Task: Repeat the full listing below verbatim and keep the images out.

Collected data:
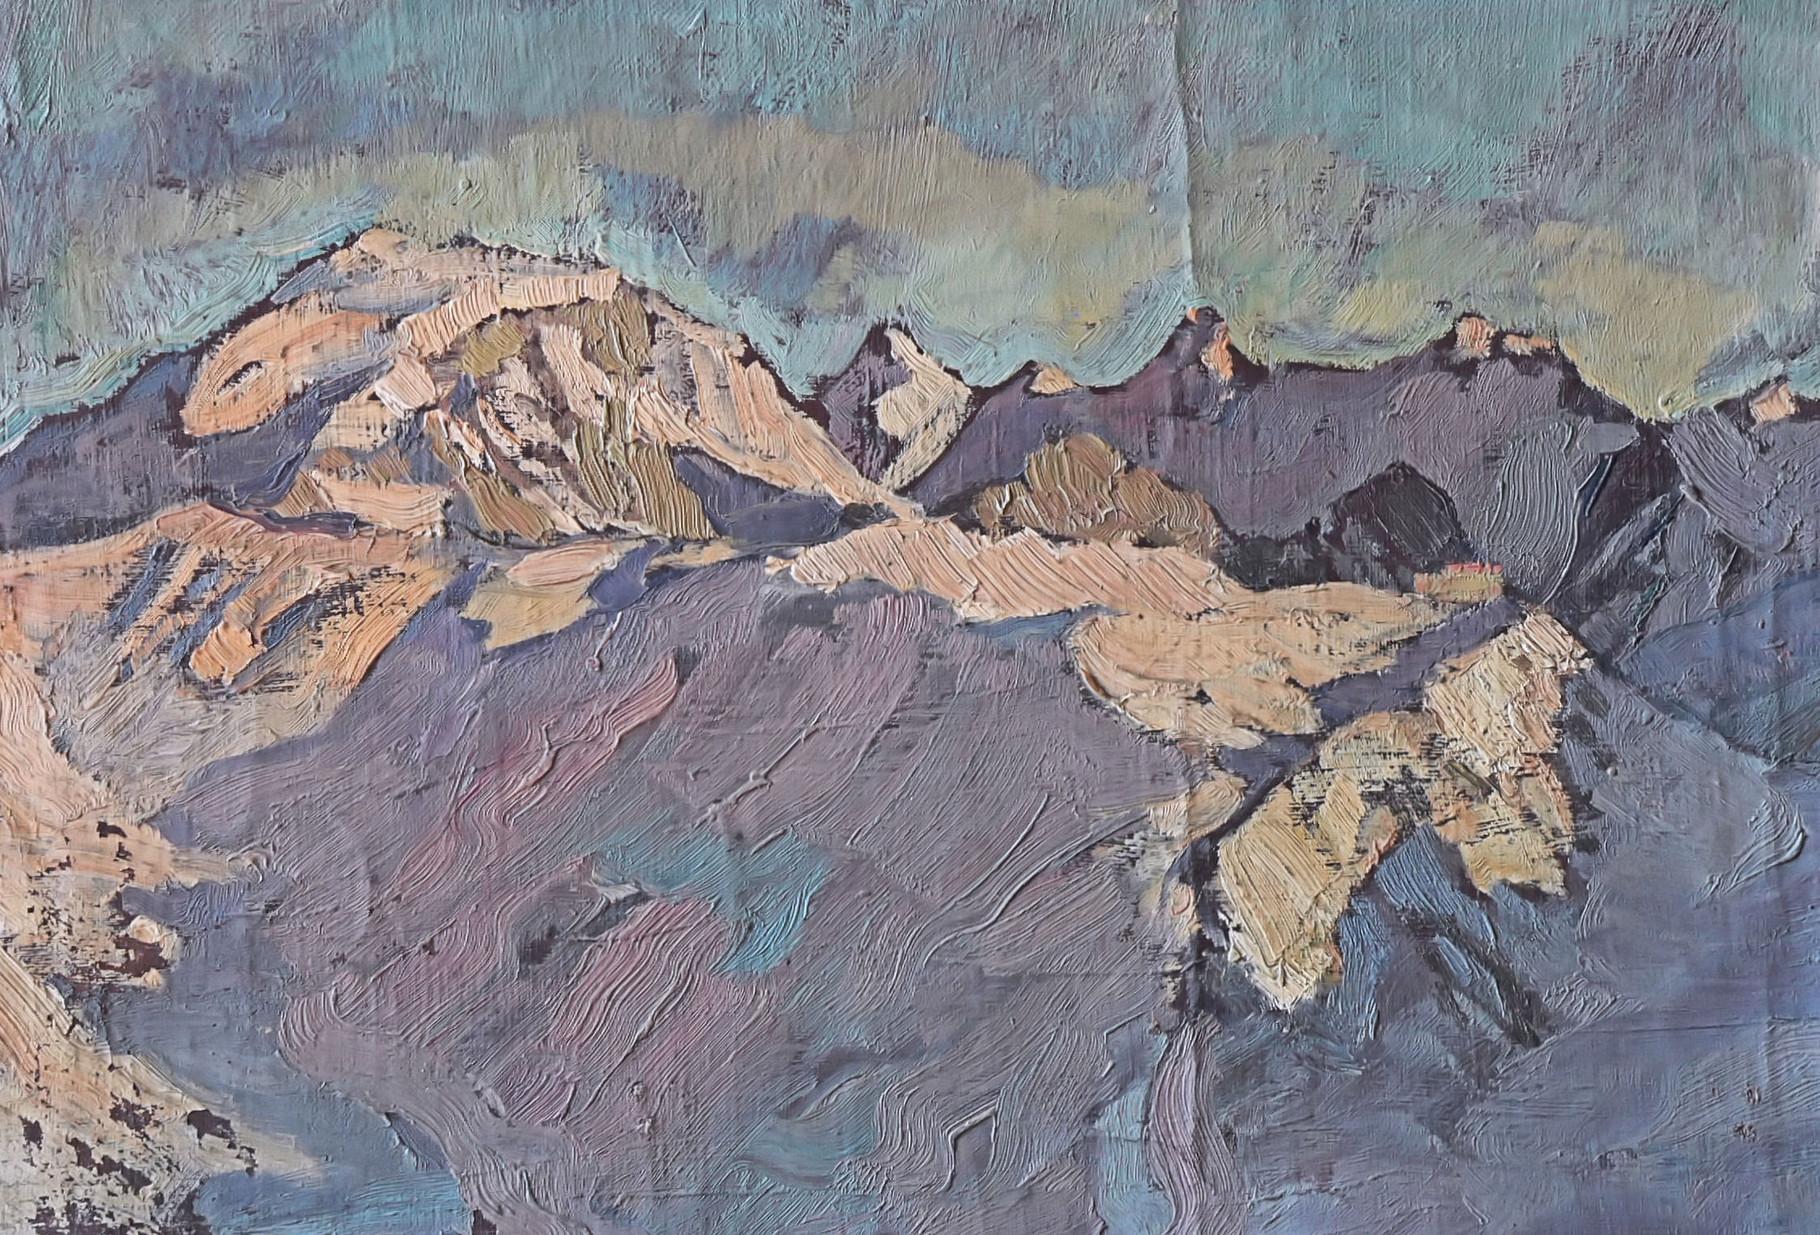 Gebirgslandschaft im Winter, um 1920
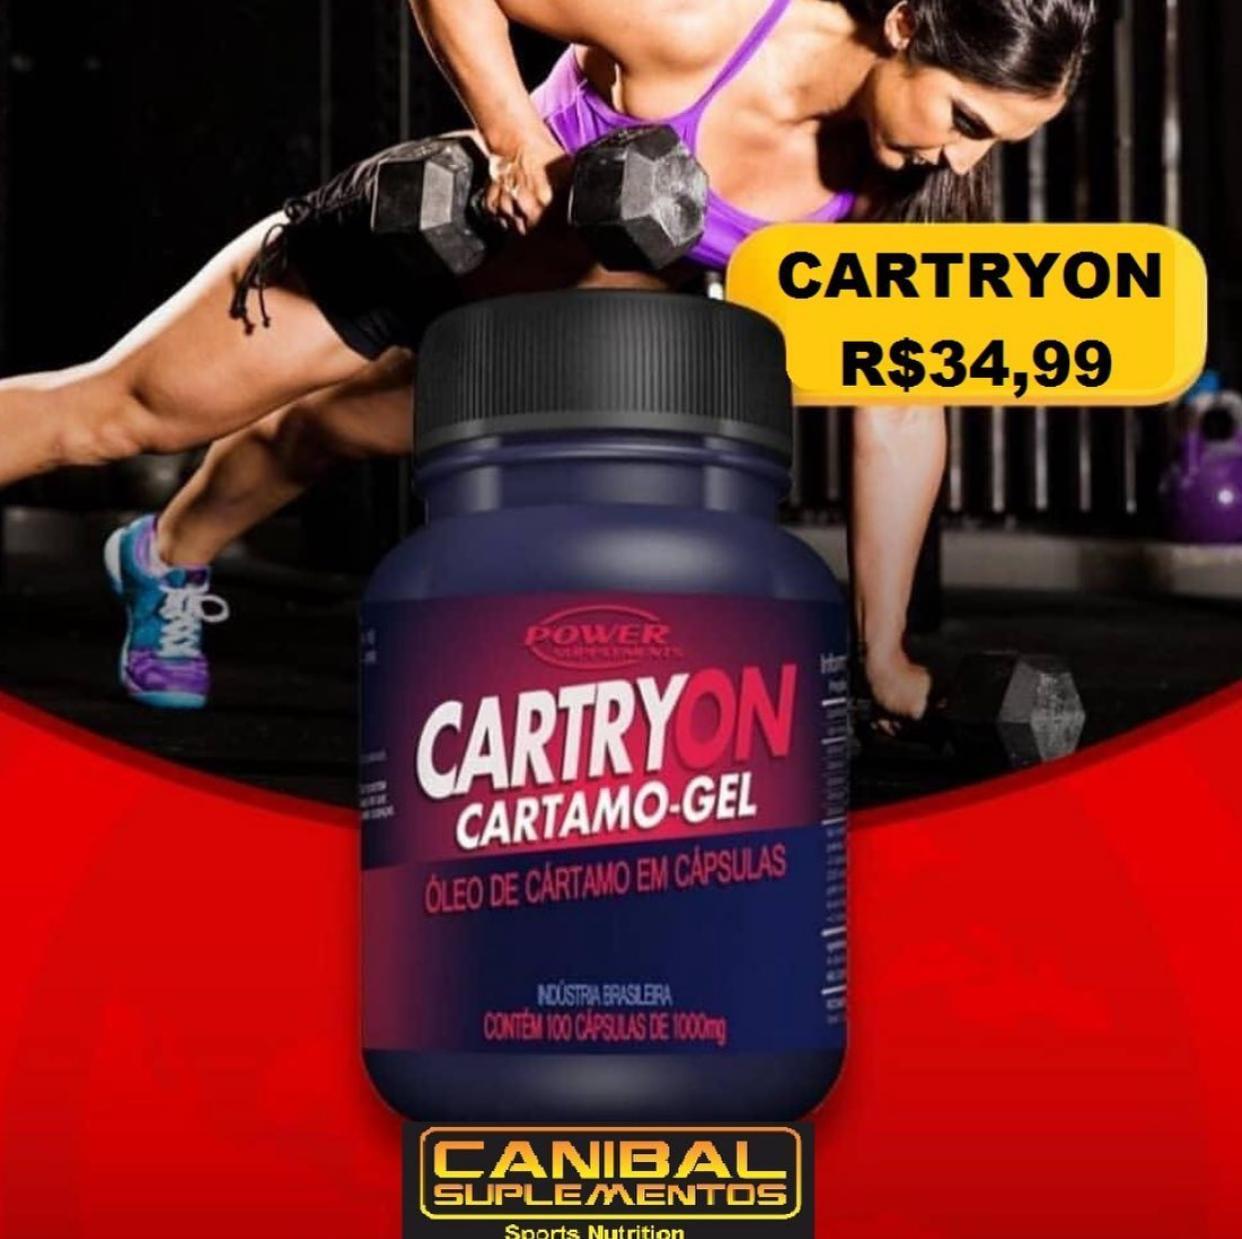 CARTRYON CARTAMO GEL POWER SUPLEMENTOS 100CAPS
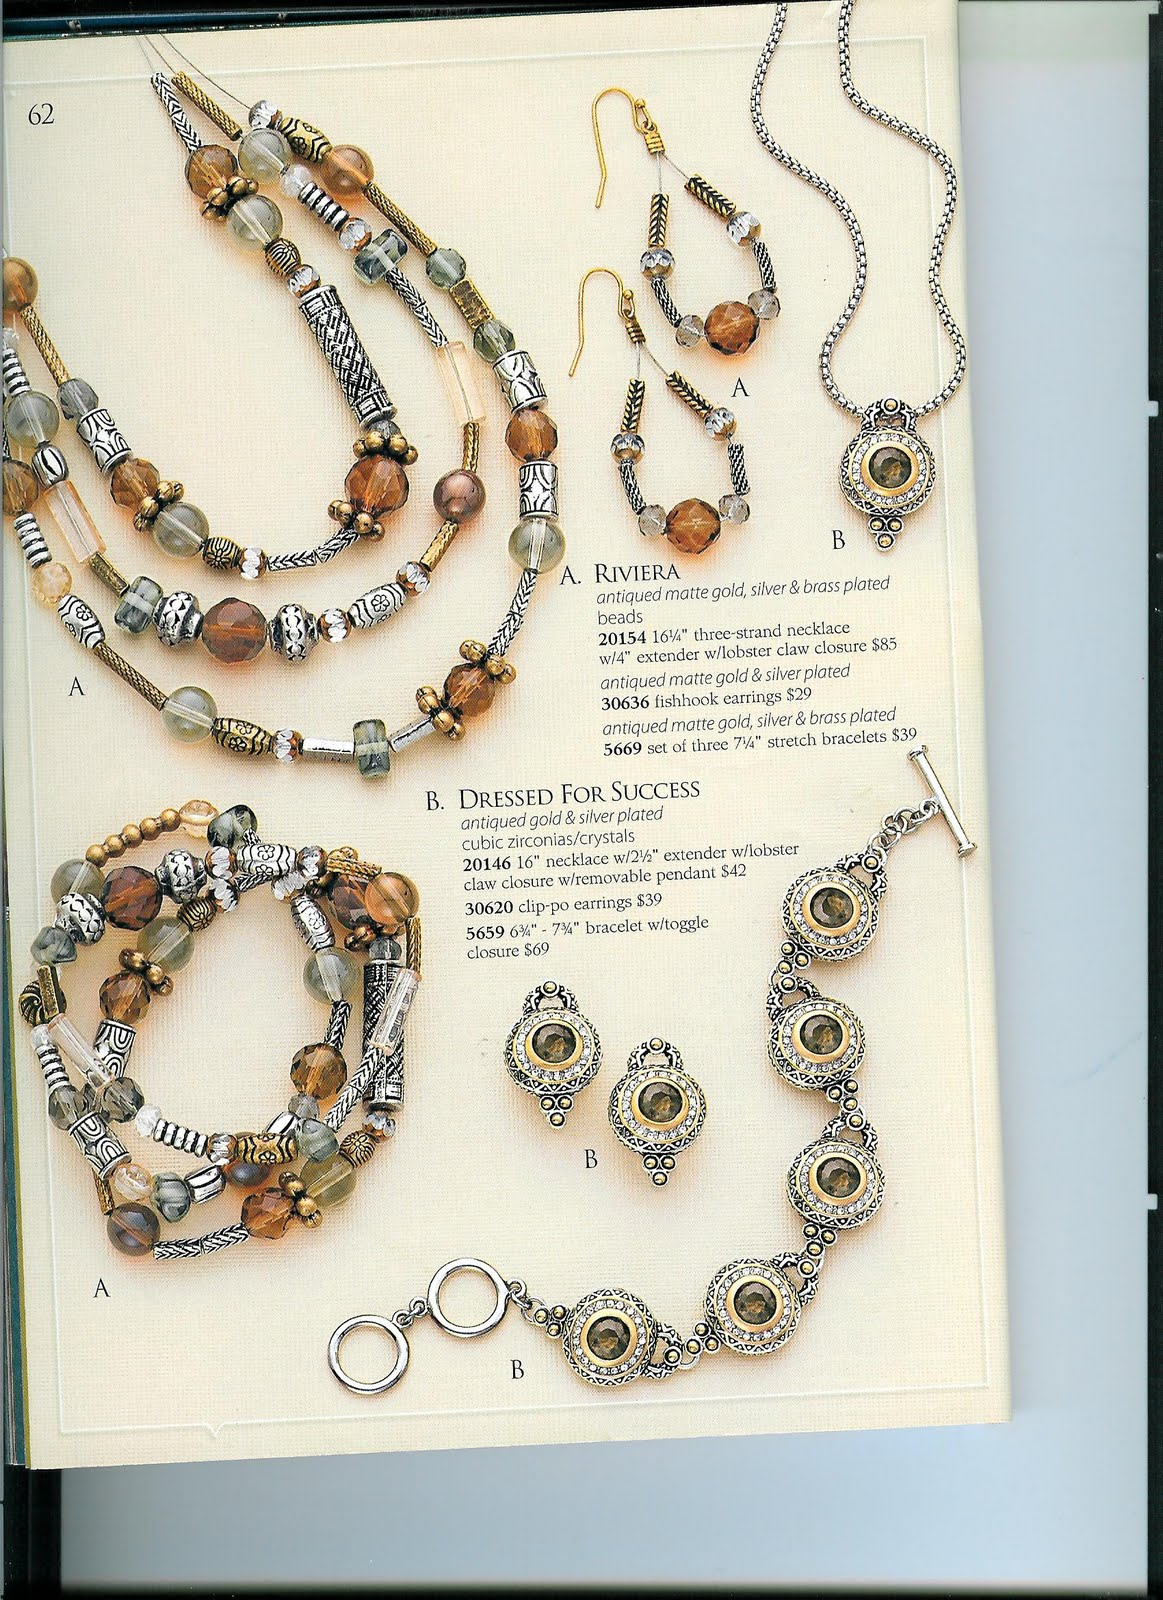 Jewelry diva premier designs catalog part two for Premier designs jewelry images

Finished exercise:
 Gebirgslandschaft im Winter, um 1920
 CARTRYON CARTAMO GEL POWER SUPLEMENTOS 100CAPS
 Jewelry diva premier designs catalog part two for Premier designs jewelry images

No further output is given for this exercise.